Chinese gold miners are slaughtered in the Hells Canyon Massacre

The Hells Canyon Massacre begins on May 27, 1887, in Lewiston, Washington Territory, in what is now Idaho. The mass slaughter of Chinese gold miners by a gang of white horse thieves was one of many hate crimes perpetrated against Asian immigrants in the American West during this period.

Two groups of Chinese workers were employed by the Sam Yup Company of San Francisco to search for gold in the Snake River in May of 1887. As they made their camps along the Snake River around Hells Canyon, a gang of seven white men who were known as horse thieves ambushed them, shooting them until they ran out of ammunition, mutilated some of the bodies and threw them in the river, and made off with several thousand dollars’ worth of gold. Although the eventual indictment listed 10 counts of murder, other accounts hold that the seven white riders killed a total of 34 people.
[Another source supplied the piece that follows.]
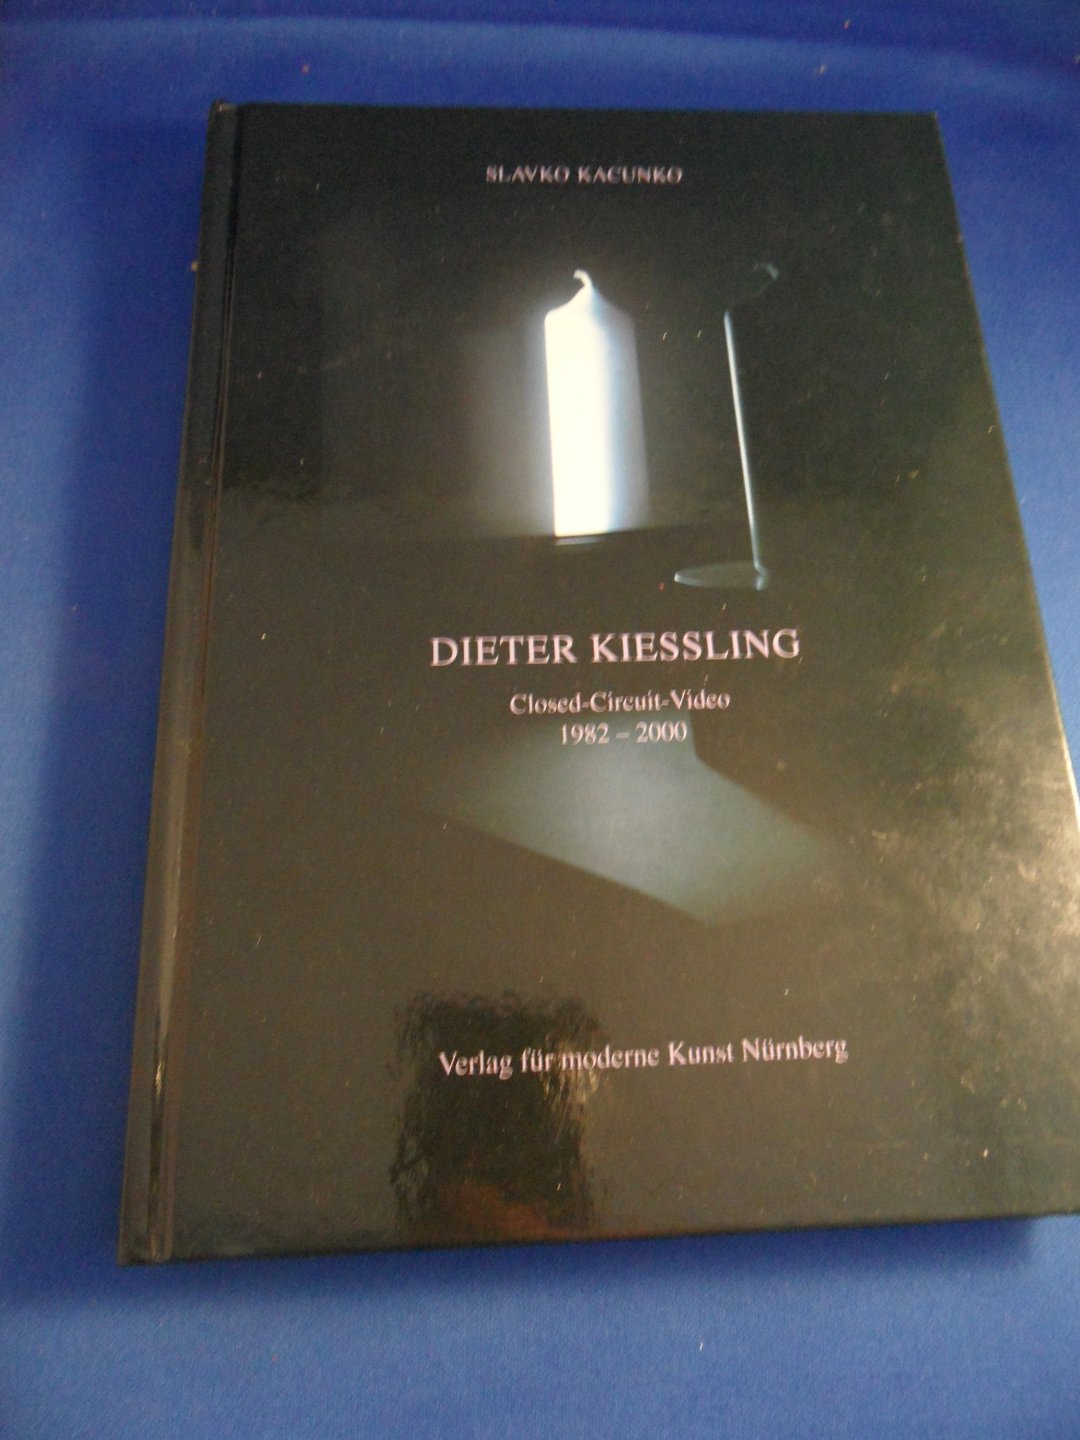 Kacunko, Slavko - Dieter Kiessling. Closed Circuit Video. 1982 - 2000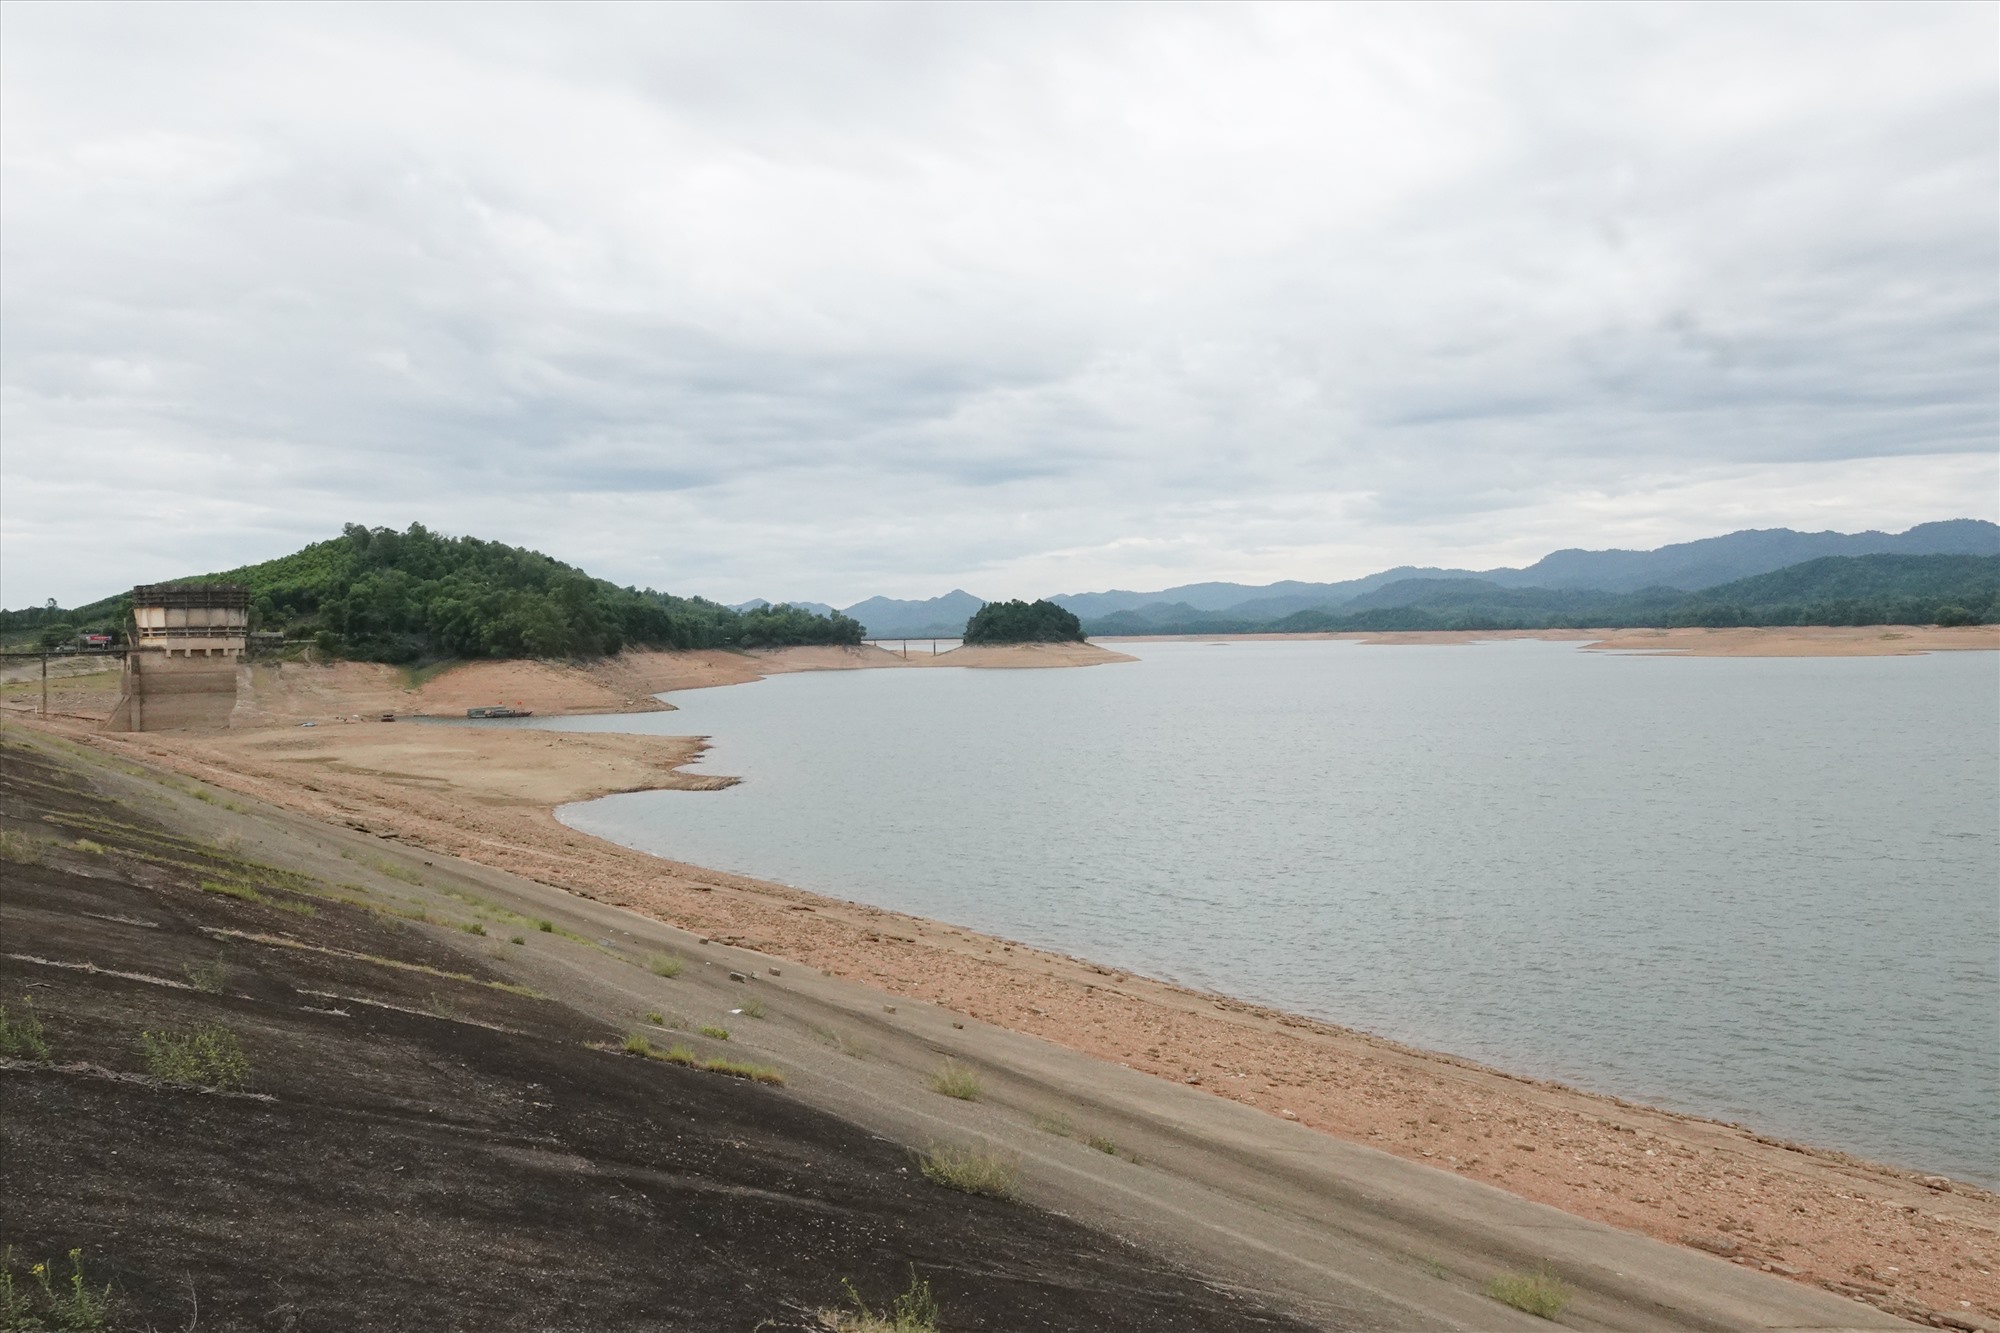 Hiện mực nước trong hồ Kẻ Gỗ còn rất thấp ở mức hơn 44 triệu m3 so với sức chứa 345 triệu m3 của nó. Ảnh: Trần Tuấn.

The massacre was part of a broader pattern of racism and violence against Asians during the period. Anti-Chinese sentiment and the belief that Asian laborers were “stealing” white jobs led to the passage of the Chinese Exclusion Act of 1882, banning all immigration from. In 1885 and 1886, white residents of Tacoma and Seattle had rioted and forced Chinese residents to leave the country, and San Francisco experienced three days of anti-Chinese pogroms in 1877. The Hells Canyon Massacre remained a historical footnote until 1995, when a Wallowa County clerk discovered court documents pertaining to the case—despite one of the assailants giving detailed testimony against them, the three men tried for the massacre were found innocent by an all-white jury. 

In 2005, the site of the massacre was renamed Chinese Massacre Cove, and in 2012 a memorial with inscriptions in Chinese, English and Nez Perce was erected there.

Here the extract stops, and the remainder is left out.